ANKARA İLAHİYAT TİPİ “ZAMAN MAKİNASI” YA DA “GAYBA VUKUF” MUCİZESİ

 




ANKARA SÜNNETSİZLER EKOLÜNÜN YEDİĞİ NANELERE YAKINDAN BAKIŞ - 3 


Önceki iki yazıda, Ankara İlahiyat’ın modernizm-tarihselcilik karnavalında “metin tenkidi” deresine baş aşağı batırılıp vaftiz edilmiş olan İlyas Canikli adlı azgelişmiş zekânın “doktora tezi” diye hazırlamış olduğu zırvalar koleksiyonunu konu edinmiştik.

Sahih bir hadîs-i şerifi inkâr için başvurduğu ahmakça (ve de sahtekârca) çarpıtmalara vakıf olmuştuk.

Sadece söz konusu hadîs hakkındaki akılsızca lafları bile, bu akademik zavallının diğer “bilimsel keşif”lerinin mahiyeti hakkında fikir vermeye yeter.

Dolayısıyla, diğer zırvalarına da değinip zaman harcamaya gerek olmadığını düşünmek uygun olabilir.

Ancak, “laik düzenciler için hadîs kurban etme ritüeli”ni Türkiye tipi bir “ulusal bayram günü”, hatta “bayram haftası” haline getirmiş olan modernizm-tarihselcilik karnavalı palyaçolarının tipik bir temsilcisi olması hasebiyle, İlyas efendinin sanatını icra ederken sergilediği komiklikler üzerinde biraz daha ayrıntılı biçimde durmakta fayda var gibi görünüyor.

Çünkü söz konusu akademik tüberküloz salgını sadece İlyas efendinin değil, aynı vaftiz ameliyesinden geçen pekçok ilahiyat zombisinin ciğerini hurdahaş etmiş durumda.

Üstelik kuyruklarını dik tutuyor, beş para etmez ciğerleriyle övünerek kendilerini “Ankara ekolü” diye adlandırıyorlar.

*

Ekol diye adlandırılmayı hak ediyorlar, çünkü bunlar birbirinin kopyası tipler..

Ezber”leri, dillerindeki tekerlemeler aynı.. 

Aynı bayat ve mikroplu sakızı ağızdan ağıza aktararak yaşayıp gidiyorlar.

İçlerinden birini dinlediğinizde hepsini dinlemiş gibi oluyorsunuz. Diğer "Ankara fabrikası robotları"na dönüp bakmanıza ihtiyaç kalmıyor. 

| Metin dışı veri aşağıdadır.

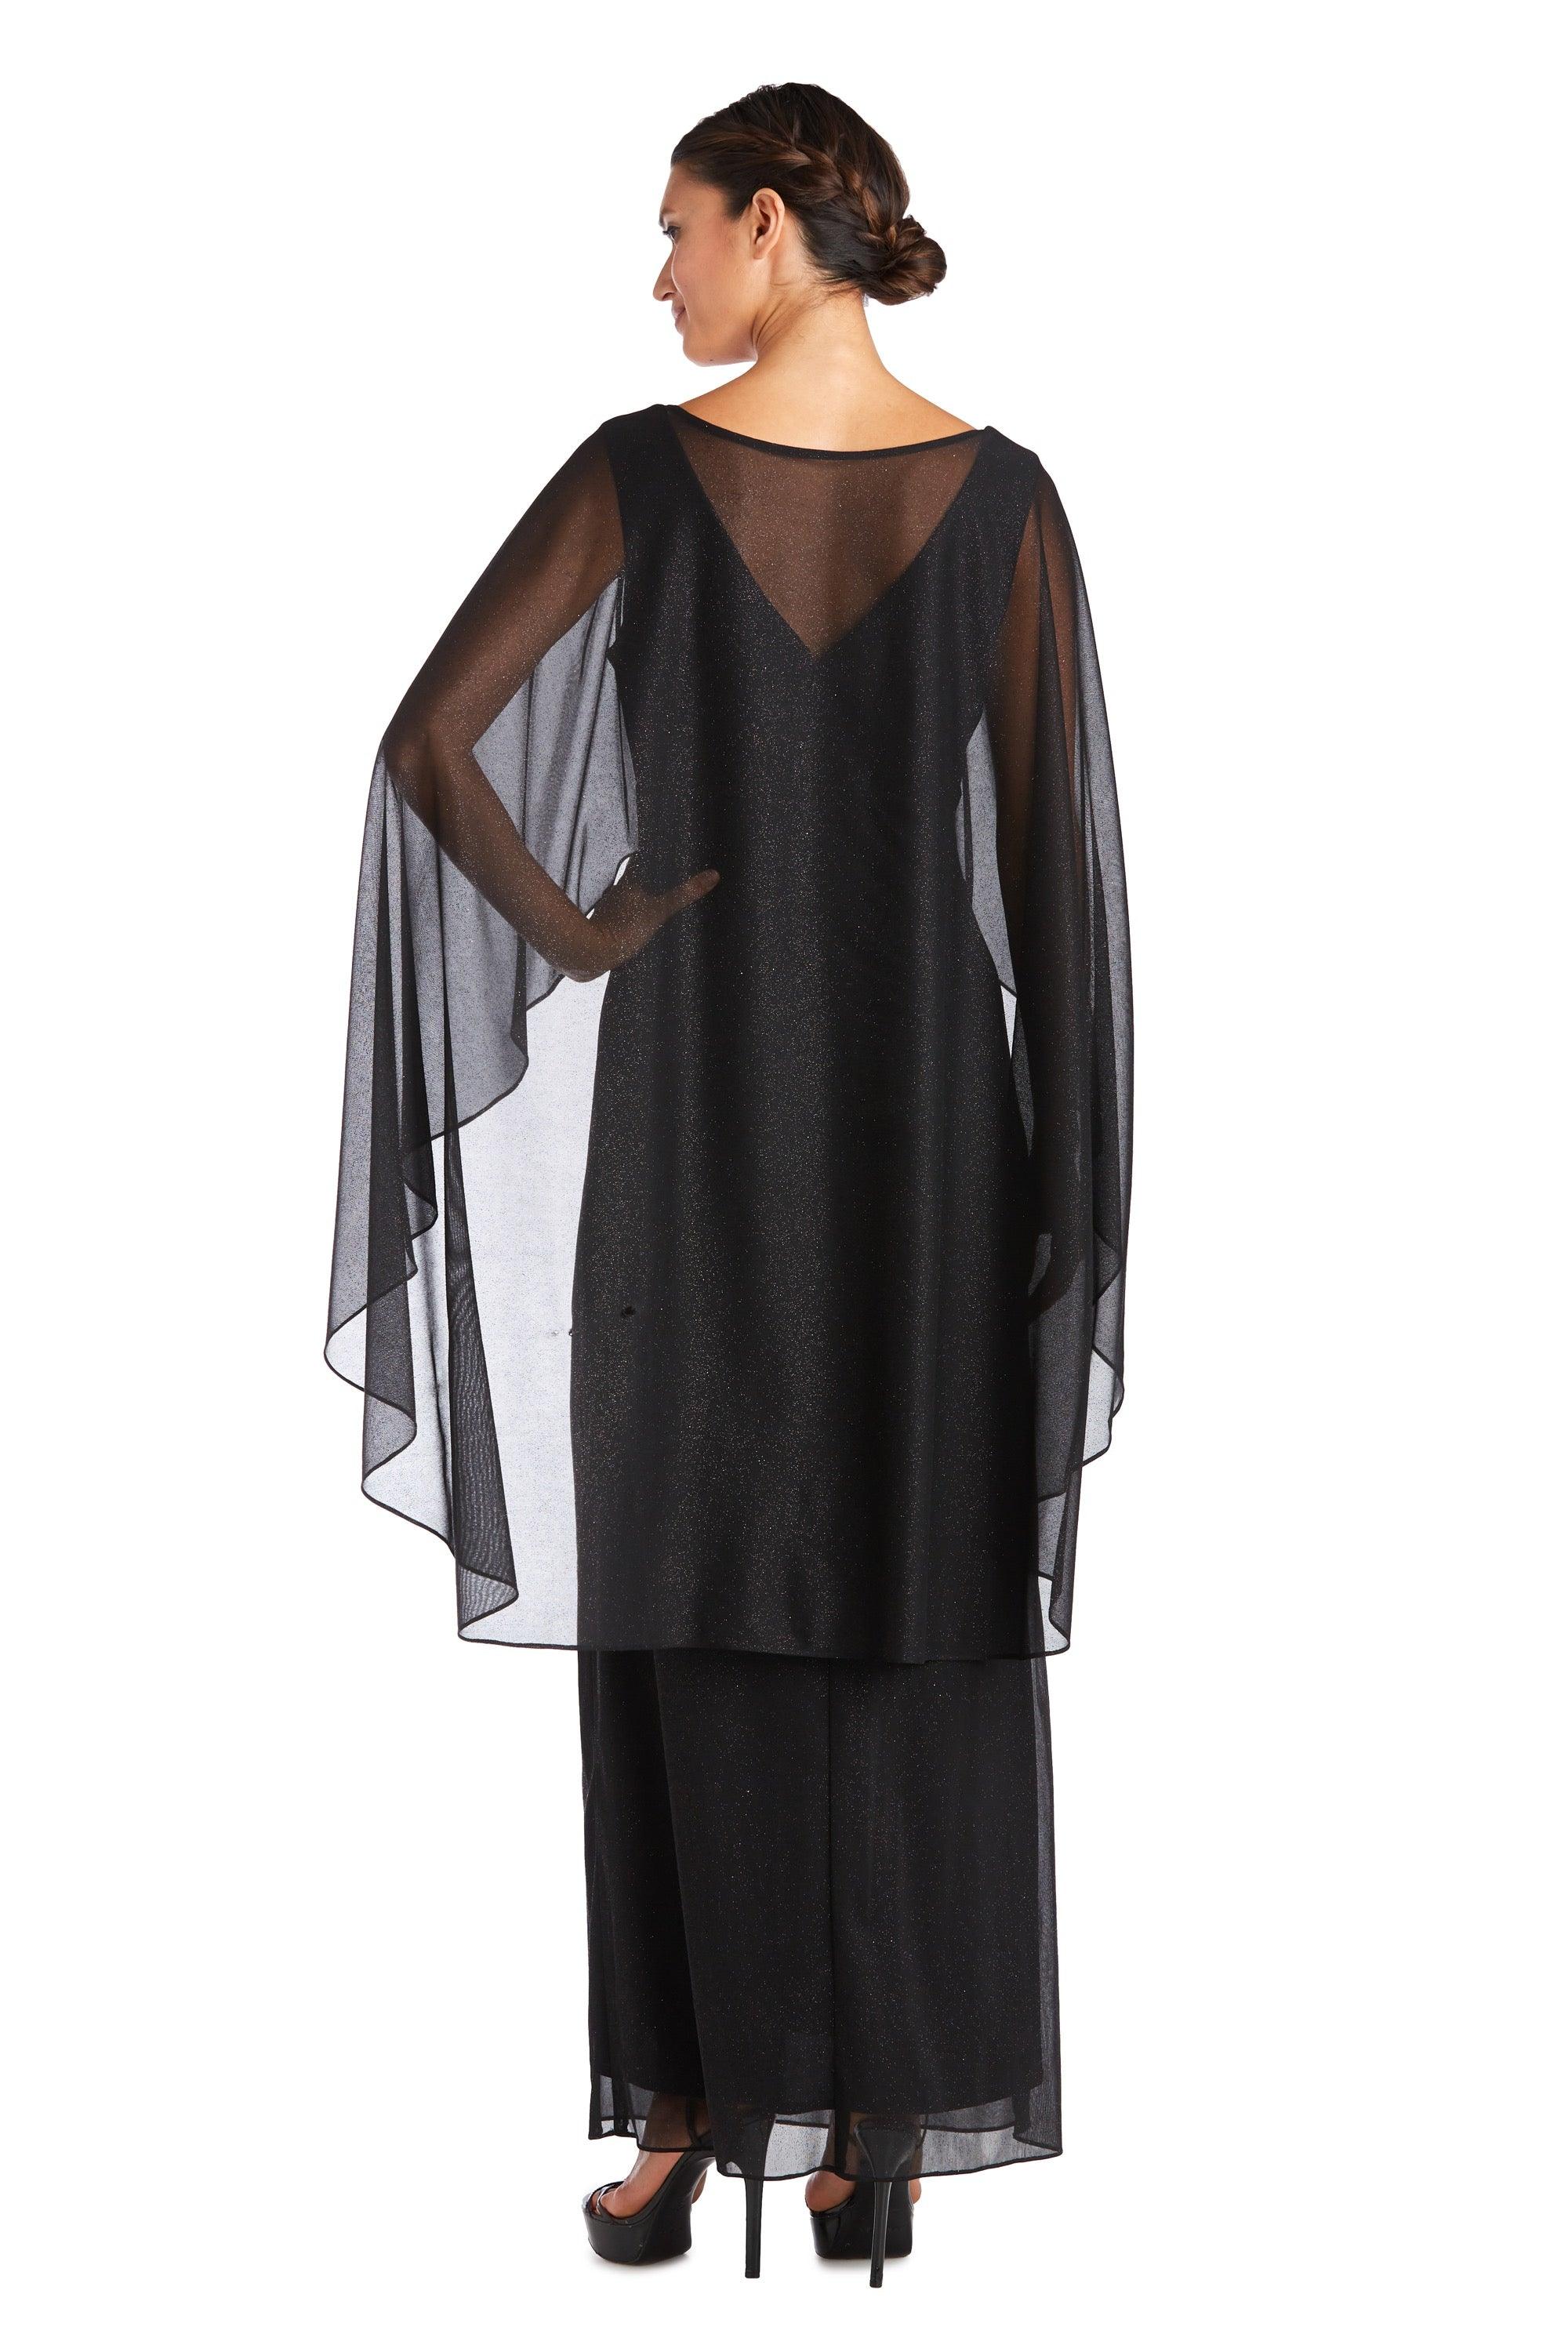 R&M Richards Long Formal Petite Cape Dress 2384P - The Dress Outlet

Birinin ciğerinin tomografisini çektiğinizde hepsininkini tanımış oluyorsunuz.

Öyle ki, İlyas efendi hazretlerine cevap verdiğinizde, duayen maskara Prof. Mehmed Said Hatipoğlu'na da, İlyas’ın (Sezen Aksu’nun eski, Eda Taşpınar’ın turfanda hayranı) hocası Hayri Kırbaşoğlu’na da, diğer bilumum gözünü kan bürümüş hadîs kasabı (katili) ilahiyat mezbahası personeline de, hak ettikleri “hadîs katilliği başarı belgesi”ni hazırlayıp sunmuş olursunuz.

*

Dolayısıyla, İlyas efendinin türrehatı için biraz zaman ayırmaya değer..

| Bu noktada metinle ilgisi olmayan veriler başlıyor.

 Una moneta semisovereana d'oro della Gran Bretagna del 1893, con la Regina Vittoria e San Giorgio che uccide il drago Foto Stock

Böylece, onun üzerinden bütün tarihselci-modernist soytarılar kumpanyası ekibi için bir tür anma merasimi düzenlemiş olacağız inşaallah.

Yani muhatabımızın görünüşte İlyas’tan ibaret olması okurları yanıltmamalı, aslında sözlerimiz soytarılık, maskaralık, palyaçoluk ve türevleri ekolünün tüm mensuplarına..

Anlattıkları masallar, sergiledikleri şaklabanlıklar, “çığırdıkları” türküler, tekrarlayageldikleri komiklikler duayen maskara Hatipoğlu’ndan beri tıpatıp aynı olduğu için, bizim İlyas dediğimiz yerde siz onu “Ankara hadîs kasaplığı ekolü” diye anlayın.

*

Bir önceki yazıda, Ankara ilahiyat kasaplığı ekolünün orta yaşlı üyesi İlyas’ın şu vecizesini aktarmıştık:

“Dolayısıyla söz konusu rivayetlerin subûtunda şüpheler vardır. Ayrıca iki halifeden birinin ne şekilde siyaset sahnesinden kaldırılacağı konusu ne Hz. Peygamber döneminde ne de ilk halife seçiminde gündeme gelmiştir.” (s. 163)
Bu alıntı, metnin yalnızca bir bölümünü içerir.